Our vitamin D needs vary with age, body weight, percent of body fat, latitude, skin coloration, season of the year, use of sun block, individual reactions to sun exposure, and our overall health.
A Few Tips for Healthy Sun Exposure and Optimizing your Vitamin D Levels:
- Never fall asleep in the sun without protection.
- Wear sunglasses.
- Avoid sunburn.
- It is sunburn, not healthy sun exposure that causes problems. Repeated sunburns, especially in children and very fair-skinned people, have been linked to melanoma
- Get 15-30 minutes of unprotected sun exposure two to four times a week. Each of us has different needs for unprotected sun exposure to maintain adequate levels of Vitamin D. Depending on your age, what type of skin you have, where you live and what time of the day and year it is, your need will vary. The farther you live from the equator, the more exposure to the sun you need in order to generate vitamin D. For instance, a fair skinned person, sitting on a New York beach in June, in the middle of the day, for about 10-15 minutes (enough to cause a light pinkness 24 hours after), is producing the equivalent of 15,000-20,000 IU’s of Vitamin D. But the same person living further north in the U.K, or Canada would need 20-30 minutes to get that light pinkness, which is all one needs. Also, people with dark skin pigmentation may need 20 – 30 times as much exposure to sunlight as fair-skinned people, to generate the same amount of vitamin D.
- Wear a hat or bring an umbrella for those summer beach days.
- After your sun-block free time in the sun, you must protect yourself. Use a sunscreen that does not contain harmful or toxic chemicals.

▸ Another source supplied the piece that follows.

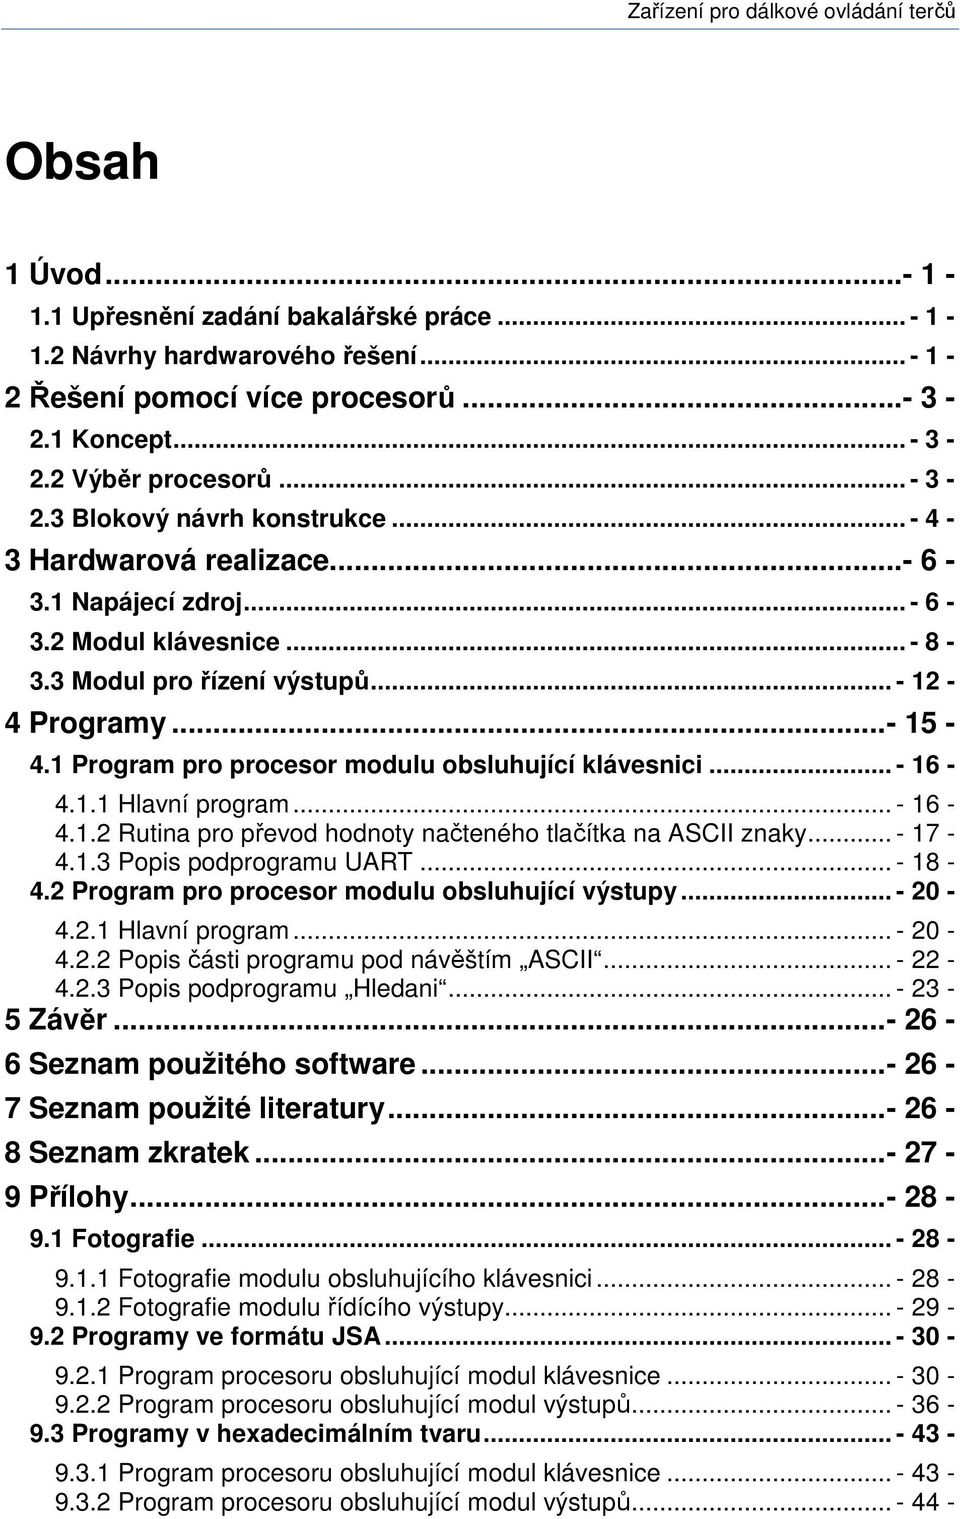 1 Program pro procesor modulu obsluhující klávesnici... - 16-4.1.1 Hlavní program... - 16-4.1.2 Rutina pro převod hodnoty načteného tlačítka na ASCII znaky... - 17-4.1.3 Popis podprogramu UART.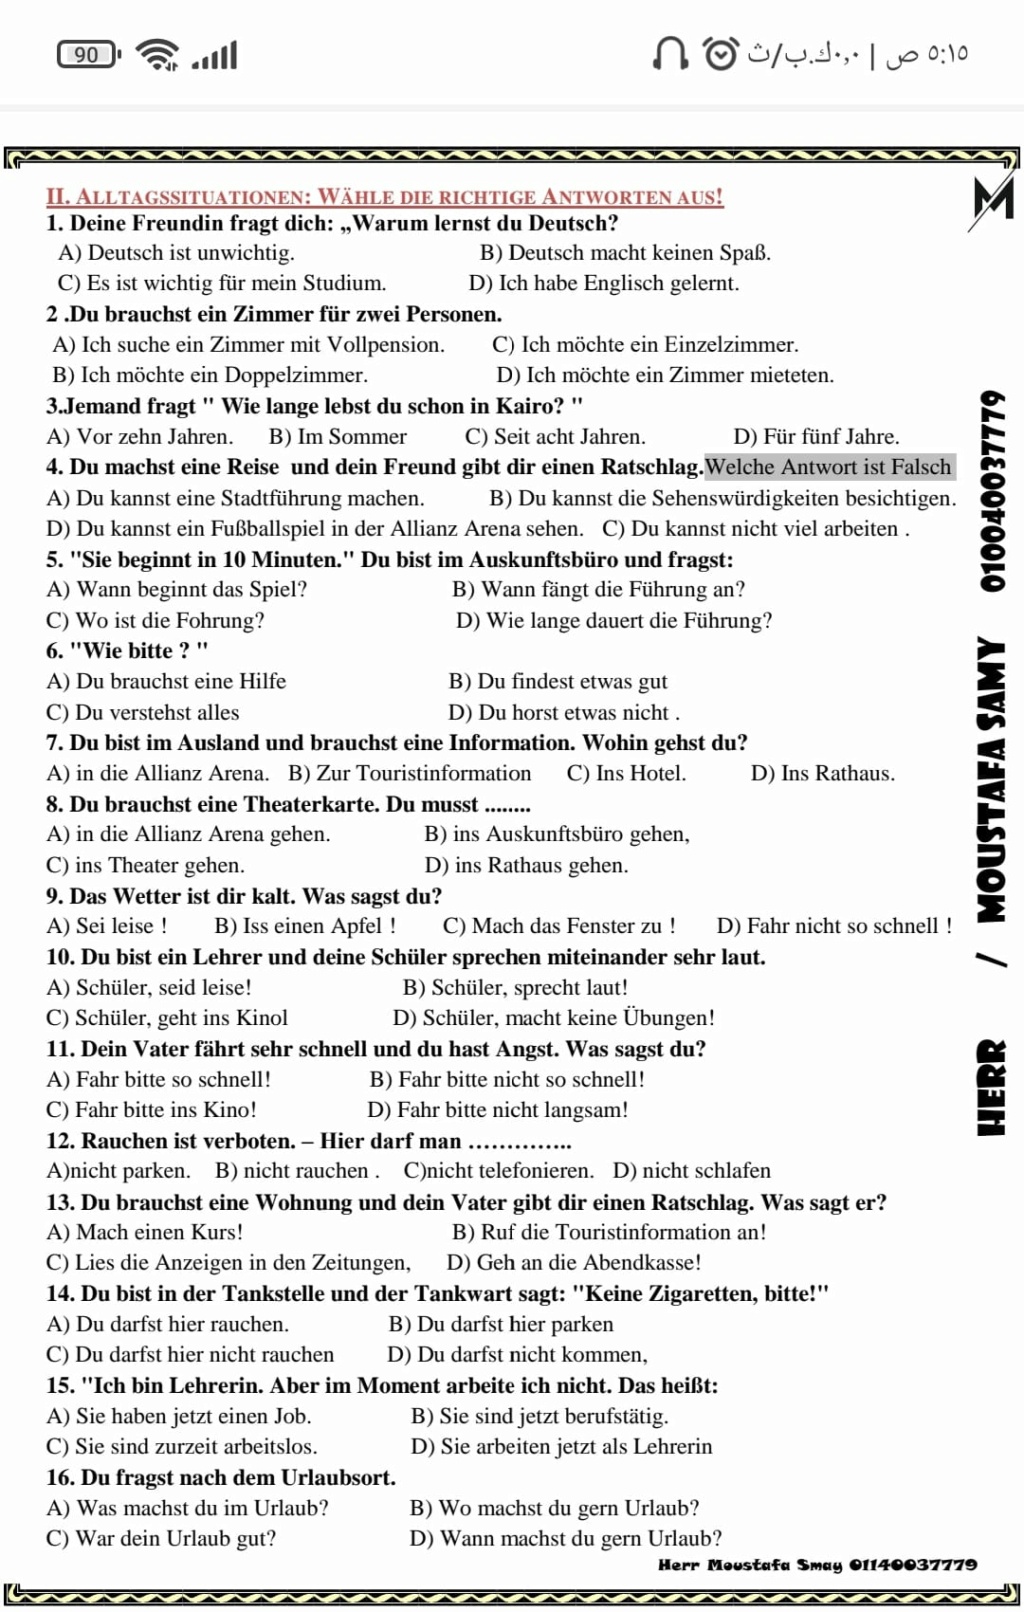 مراجعة لغة المانية الصف الثانى الثانوى سؤال القطعة و الرد علي الاميل والموا 872

- Don’t rely on food alone for your vitamin D needs. It is almost impossible to get your vitamin D needs met by food alone. Fatty wild fish (not farmed), like salmon and mackerel are the best food sources, but you would have to eat huge quantities of them daily to get anywhere near what your body needs. Although fortified milk and orange juice do contain vitamin D, you would have to drink at least 10 glasses of each daily and I don’t recommend doing that.
Although irresponsible sunbathing is indeed harmful and potentially dangerous for us, regular, moderate and unprotected sun exposure is essential for our good health and well-being. Sunshine is part of our nature and furthermore, it’s free, accessible and good for you. It is the only reliable way to generate vitamin D in your own body, which we now know to be an essential ingredient for optimizing health and helping to prevent disease. So this summer, behold the sun, be smart and shine on!